The development of novel therapeutic proteins is a lengthy and costly process, with an average attrition rate of 91% (Thomas et al. Clinical Development Success Rates and Contributing Factors 2011–2020, 2021). To increase the probability of success and ensure robust drug supply beyond approval, it is essential to assess the developability profile of new potential drug candidates as early and broadly as possible in development (Jain et al. MAbs, 2023. https://doi.org/10.1016/j.copbio.2011.06.002). Predicting these properties in silico is expected to be the next leap in innovation as it would enable significantly reduced development timelines combined with broader screens at lower costs. However, developing predictive algorithms typically requires substantial datasets generated under very defined conditions, a limiting factor especially for new classes of therapeutic proteins that hold immense clinical promise. Here we describe a strategy for assessing the developability of a novel class of small therapeutic Anticalin® proteins using machine learning in conjunction with a knowledge-driven approach.
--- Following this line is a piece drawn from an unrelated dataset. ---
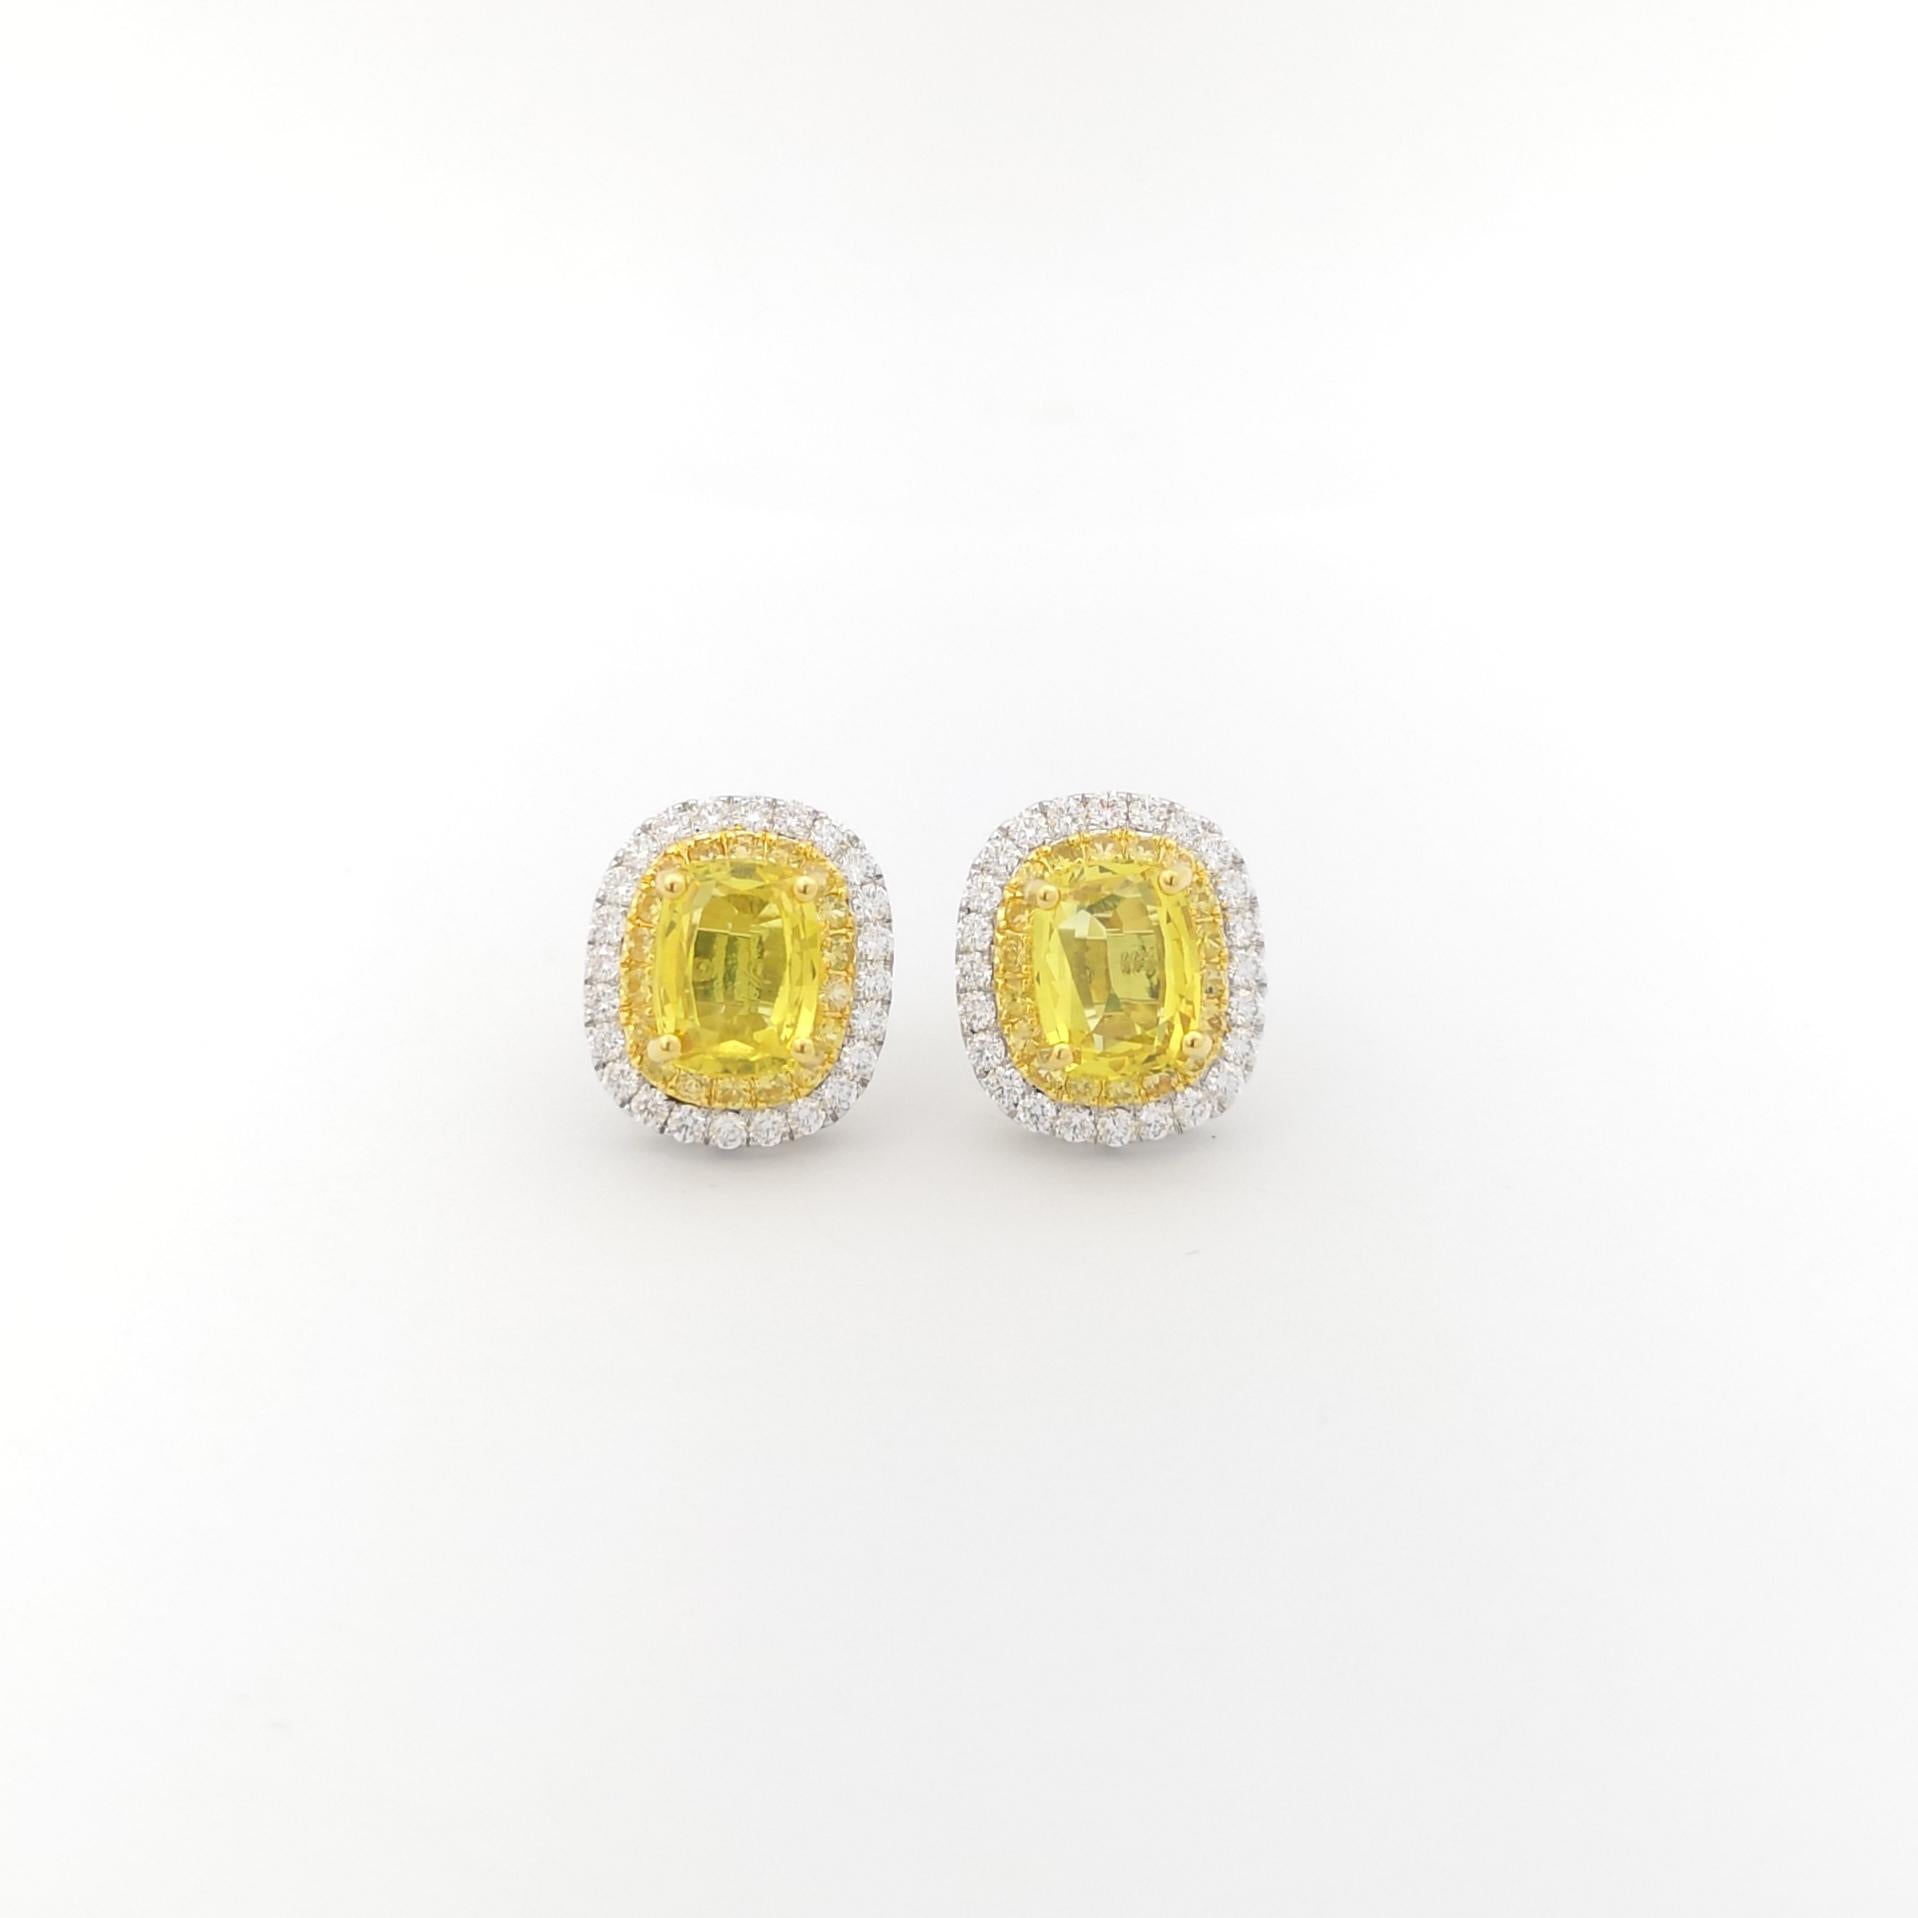 Oval Cut Yellow Sapphire and Diamond Earrings set in 18K Gold/White Gold Settings For Sale

The knowledge-driven approach considers developability attributes such as aggregation propensity, charge variants, immunogenicity, specificity, thermal stability, hydrophobicity, and potential post-translational modifications, to calculate a holistic developability score. Based on sequence-derived descriptors as input parameters we established novel statistical models designed to predict the developability scores for Anticalin proteins. The best models yielded low root mean square errors across the entire dataset and were further validated by removing input data from individual screening campaigns and predicting developability scores for those drug candidates. The adoption of the described workflow will enable significantly streamlined preclinical development of Anticalin drug candidates and could potentially be applied to other therapeutic protein scaffolds.

Abstract Image

利用可公开获得的基于序列的预测因子,对新型小分子蛋白质进行整体硅学可开发性评估。
新型治疗蛋白的开发是一个漫长而昂贵的过程,平均损耗率高达 91%(Thomas 等人,《2011-2020 年临床开发成功率及诱因》,2021 年)。为了提高成功的概率并确保药物批准后的稳健供应,必须在开发过程中尽早、尽可能广泛地评估新的潜在候选药物的可开发性概况(Jain et al. MAbs, 2023. https://doi.org/10.1016/j.copbio.2011.06.002 )。在硅学中预测这些特性有望成为创新的下一个飞跃,因为这将大大缩短开发时间,并以更低的成本进行更广泛的筛选。然而,开发预测算法通常需要在非常明确的条件下生成大量数据集,尤其是对于具有巨大临床前景的新型治疗蛋白质而言,这是一个限制因素。在此,我们介绍了一种结合知识驱动方法的机器学习策略,用于评估一类新型小型治疗性 Anticalin® 蛋白的可开发性。知识驱动法考虑了可开发性属性,如聚集倾向、电荷变异、免疫原性、特异性、热稳定性、疏水性和潜在的翻译后修饰,从而计算出整体可开发性得分。根据序列衍生描述符作为输入参数,我们建立了新的统计模型,旨在预测安替卡林蛋白的可开发性得分。最佳模型在整个数据集中产生的均方根误差较低,并通过移除单个筛选活动的输入数据和预测这些候选药物的可开发性得分得到了进一步验证。采用所述工作流程将大大简化安替卡林候选药物的临床前开发,并有可能应用于其他治疗性蛋白质支架。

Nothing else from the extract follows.